After you clone the repository, follow the steps in the README file on how to use the script to integrate the Ground Truth NER labeling job with Amazon Comprehend custom entity recognition.

Uploading the sample unlabeled corpus

Run the following commands to copy the sample data files to your S3 bucket:

$ aws s3 cp s3://aws-ml-blog/artifacts/blog-groundtruth-comprehend-ner/sample-data/groundtruth/doc-00.txt s3://<your-bucket>/raw/

$ aws s3 cp s3://aws-ml-blog/artifacts/blog-groundtruth-comprehend-ner/sample-data/groundtruth/doc-01.txt s3://<your-bucket>/raw/

$ aws s3 cp s3://aws-ml-blog/artifacts/blog-groundtruth-comprehend-ner/sample-data/groundtruth/doc-02.txt s3://<your-bucket>/raw/

The sample data shortens the time you spent annotating, and isn’t necessarily optimized for best model performance.

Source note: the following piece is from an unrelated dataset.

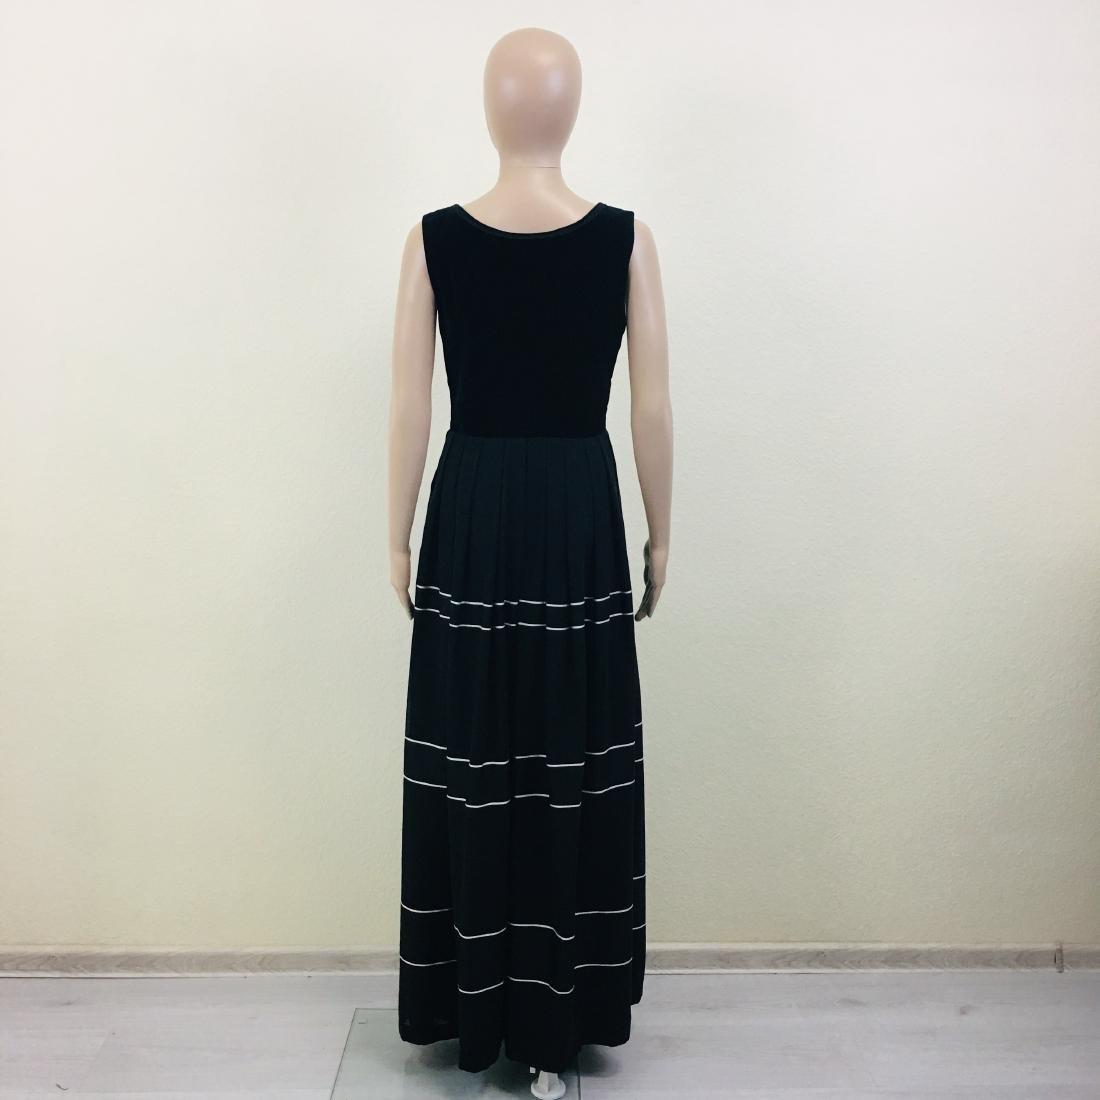 Vintage Women's Black Tyrolean Drindl Dress - 7

Running the NER labeling job

This step involves three manual steps:

Create a private work team.
Create a labeling job.
Annotate your data.

You can reuse the private work team over different jobs.

When the job is complete, it writes an output.manifest file, which a Lambda function picks up automatically. The function converts this augmented manifest file into two files: .csv and .txt. Assuming that the output manifest is s3://<your-bucket>/gt/<gt-jobname>/manifests/output/output.manifest, the two files for Amazon Comprehend are located under s3://<your-bucket>/gt/<gt-jobname>/manifests/output/comprehend/.

Creating a private work team

For this use case, you form a private work team with your own email address as the only worker. Ground Truth also allows you to use Amazon Mechanical Turk or a vendors workforce.

On the Amazon SageMaker console, under Ground Truth, choose Labeling workforces.
On the Private tab, choose Create private team.
For Team name, enter a name for your team.
For Add workers, select Invite new workers by email.
For Email addresses, enter your email address.
For Organization name, enter a name for your organization.
For Contact email, enter your email.
Choose Create private team.
Go to the new private team to find the URL of the labeling portal.

You also receive an enrollment email with the URL, user name, and a temporary password, if this is your first time being added to this team (or if you set up Amazon Simple Notification Service (Amazon SNS) notifications).
Sign in to the labeling URL.
Change the temporary password to a new password.

Creating a labeling job

The next step is to create a NER labeling job. This post highlights the key steps. For more information, see Adding a data labeling workflow for named entity recognition with Amazon SageMaker Ground Truth.

To reduce the amount of annotation time, use the sample corpus that you have copied to your S3 bucket as the input to the Ground Truth job.

On the Amazon SageMaker console, under Ground Truth, choose Labeling jobs.
Choose Create labeling job.
For Job name, enter a job name.
Select I want to specify a label attribute name different from the labeling job name.
For Label attribute name, enter ner.
Choose Create manifest file.

This step lets Ground Truth automatically convert your text corpus into a manifest file.

A pop-up window appears.

For Input dataset location, enter the Amazon S3 location.
For Data type, select Text.
Choose Create.

You see a message that your manifest is being created.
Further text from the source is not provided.